Das letzte hörte ich nicht mehr richtig, denn mit der Nennung des Treffpunktes preschte ich auch schon los. ‚Oh ja, tut das gut. Wieder den Wind in den Haaren zu spüren. Diese Freiheit.’ Doch viel zu schnell kam ich am Treffpunkt an. Absteigend und dem Pferd über die Nüstern streichend, wartete ich bis die anderen kamen. ‚Man wo bleiben die nur?’ Wartend setzte ich mich an den Baum und lehnte mich an. ‚Oh man, kaum sitz ich, da kommen sie.’ Kopfschüttelnd rappelte ich mich wieder auf und schaute ihnen entgegen. Auch sie stiegen ab, nahmen aber die Pferde am Halfter und führten sie Richtung Wald, der sich hinter uns auftürmte. Gespannt folgte ich Max. ‚Mhm wo gehen wir hin?’ Irritiert sah ich wie er ein paar Äste bei Seite schob und mit samt dem Pferd dahinter verschwand. Als auch noch Jerome dahinter verschwand, schauten Sascha und ich uns fragend an. Schulter zuckend gingen wir auch dort hin. Und was wir da sahen, verschlug uns die Sprache. Hier, verdeckt von den Bäumen, entstand eine kleine Oase. Ein kleiner See glitzerte im Sonnenlicht, das durch das Blätterdach fiel. „WOW”, war alles was ich dazu sagen konnte.

„Na kommt schon näher”, lachten die anderen Beiden. „Wir werden hier unser Picknick machen.”

„Der Ort hier ist echt wunderschön”, dabei alles betrachtend, ging ich auf die Beiden zu, die am Ufer des Sees saßen. „Wie habt ihr diesen Ort gefunden?”

„Nur durch Zufall. Wir waren ausreiten als es anfing in Strömen zu Regnen. Unter ein paar Bäumen wollten wir Zuflucht suchen und fanden dies hier”, erklärte Jerome.

„Und seit dem kommen wir hier so oft es geht her. Man hat hier seine Ruhe”, ergänzte Max.

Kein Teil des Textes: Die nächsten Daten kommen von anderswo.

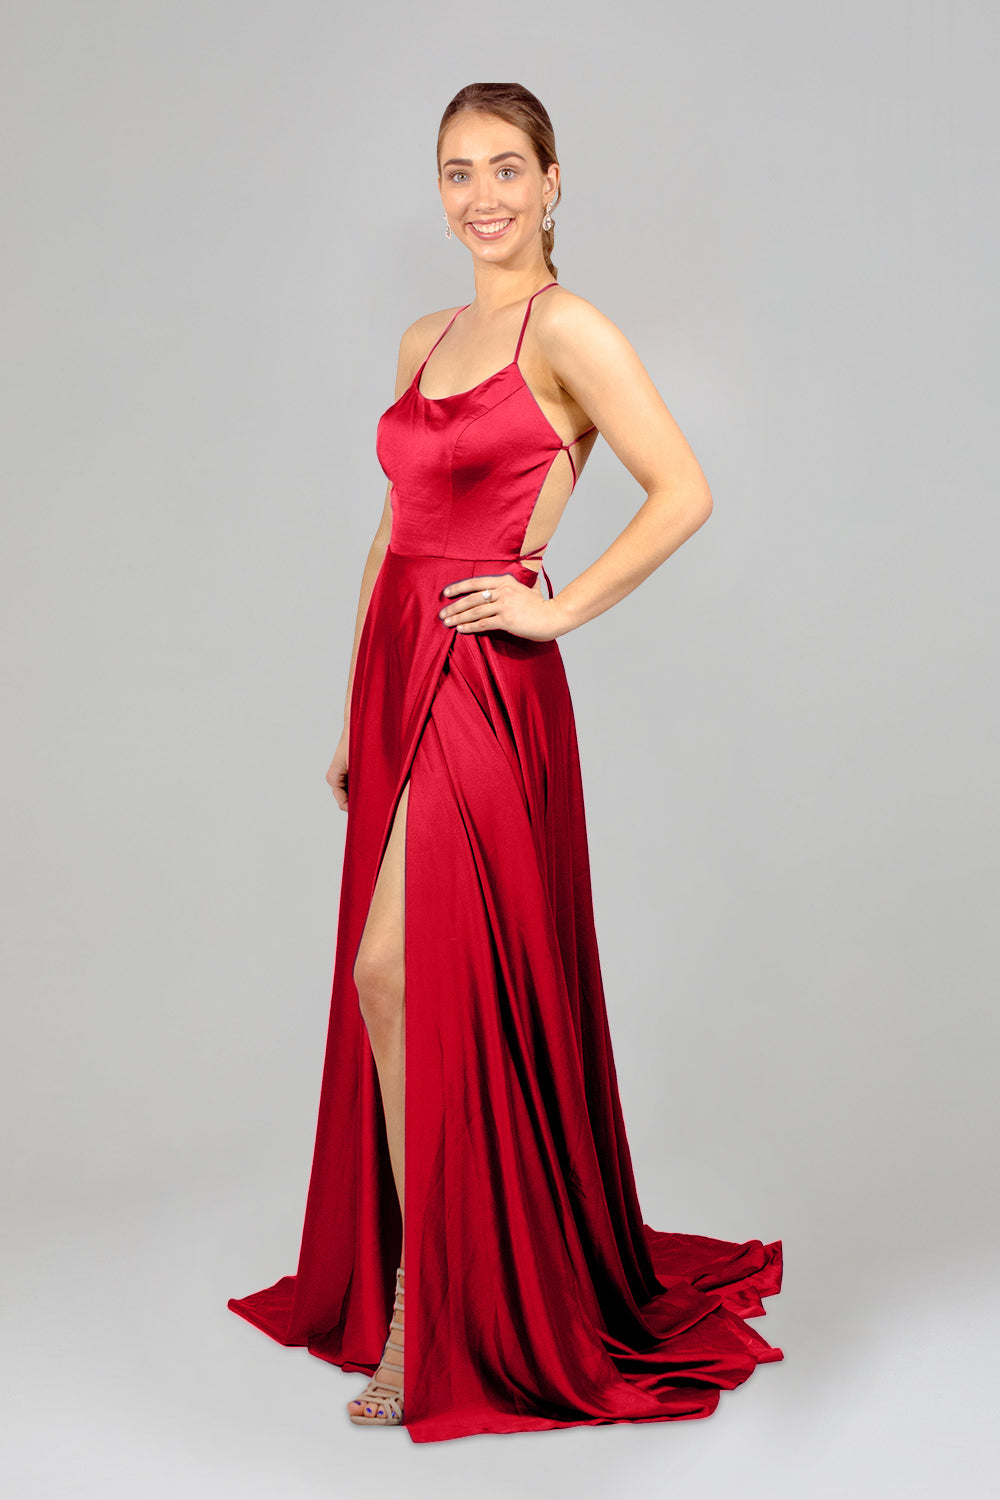 custom made red silk bridesmaid dresses australia perth envious bridal & formal

„Aber jetzt lasst uns erstmal essen. Ich hab Hunger”, meinte da Sascha.

„Sascha, du hast immer Hunger”, lachte ich.

Die Decken wurden ausgebreitet und wir begannen zu essen. Währenddessen erzählten uns Jerome und Max etwas mehr über die Schule und die verschiedenen Lehrer.

„Am nettesten ist Herr Yamamoto. Er hilft einem sehr und das nicht nur bei schulischen Problemen auch bei privaten”, sagte Max.

„Ja, das weiß ich.”

„Echt? Woher weißt du das denn schon, Killian?”

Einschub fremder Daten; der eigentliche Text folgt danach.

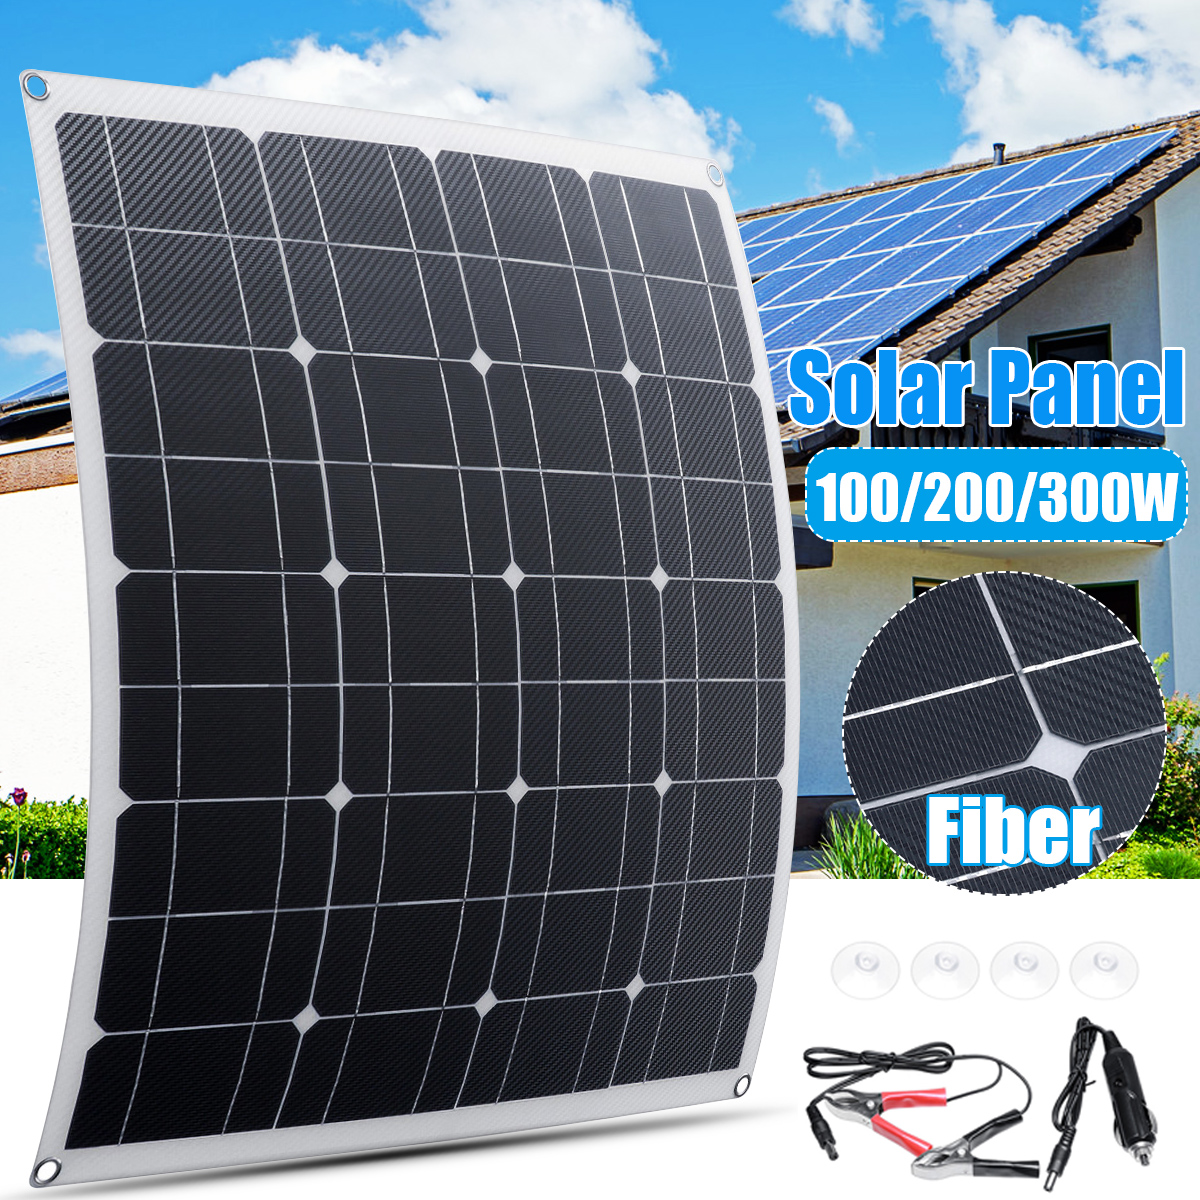 DCUSB-5V18-12V-204060W-Fiber-Solar-Panel-Kit-Monocrystalline-Flexible-Solar-Charger-For-Car-Boat-Bat-1856001-1

„Er hat mir mit Steve und seiner Gang geholfen”, erklärte ich.

„Was war da eigentlich genau mit denen? Uns hat man nichts gesagt”, fragte Sascha.

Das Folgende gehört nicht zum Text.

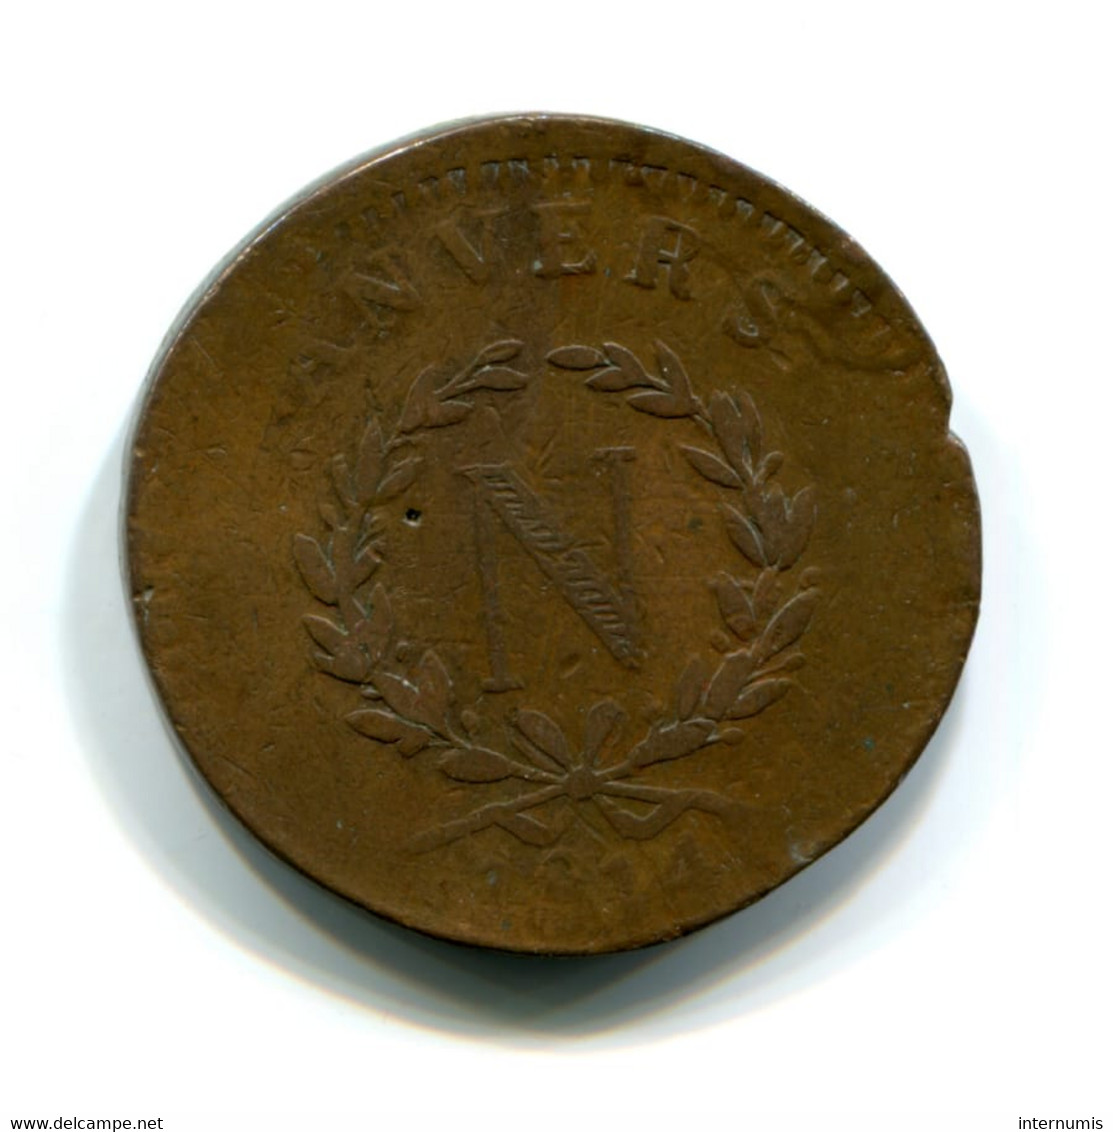 Belgique / Belgium, 10 Centimes, 1814, Siege D'Anvers- Napoléon,Bronze, WOLSCHOT,TB(VF),KM#5,F.130A/2,G.191a,COL.2b - 1814 Siege Of Antwerp

Ich seufzte und entschloss mich es ihnen zu erzählen. „Also, das war so…”

***

„Also sind diese Projekttage vom Direktor deswegen entstanden?”, fragte mich Jerome.

Ich nickte nur.

„Ähm, Killian, ich weiß ja nicht ob ich dich das fragen darf, aber warum haben sie dich zusammengeschlagen?”

Doch ich schwieg nur.

„Ist es vielleicht wegen dem was Steve im Mathe-Unterricht rein gebrüllt hatte?”

Meine Antwort bestand nur aus einem kleinen scheuen Nicken. Anschauen konnte ich die Drei nicht. Zu groß war die Angst in ihren Augen die Abweisung zu sehen.

„Hey Killi, kein Grund so traurig zu sein. Uns stört das nicht, oder Jungs?”, hörte ich da Sascha, der sich neben mich gesetzt und einen Arm um die Schulter gelegt hatte.

„Genau”, kam es zweistimmig von den Anderen.

Erleichtert lächelnd schaute ich wieder auf. „Gracias, Jungs.”

***

Es wurde langsam dunkel und wir beschlossen, dass es an der Zeit war, zurück zu reiten. Schnell packten wir alles zusammen und ritten wieder zum Stall.

Dort kam uns auch gleich Janet entgegen. „Ah da seid ihr ja. Ich dachte schon ihr wollt gar nicht mehr wieder kommen”, schmunzelte sie.

Wir stiegen ab und machten uns daran die Pferde abzusatteln und abzutrocknen. „So geschafft”, meinte ich und auch die anderen waren fertig. Wir gingen noch zu Janet, meldeten uns ab und verabschiedeten uns.

„Bis nächstes Wochenende, Jungs”, rief sie uns hinterher.

Ein vierstimmiges „Bis dann”, antwortete ihr.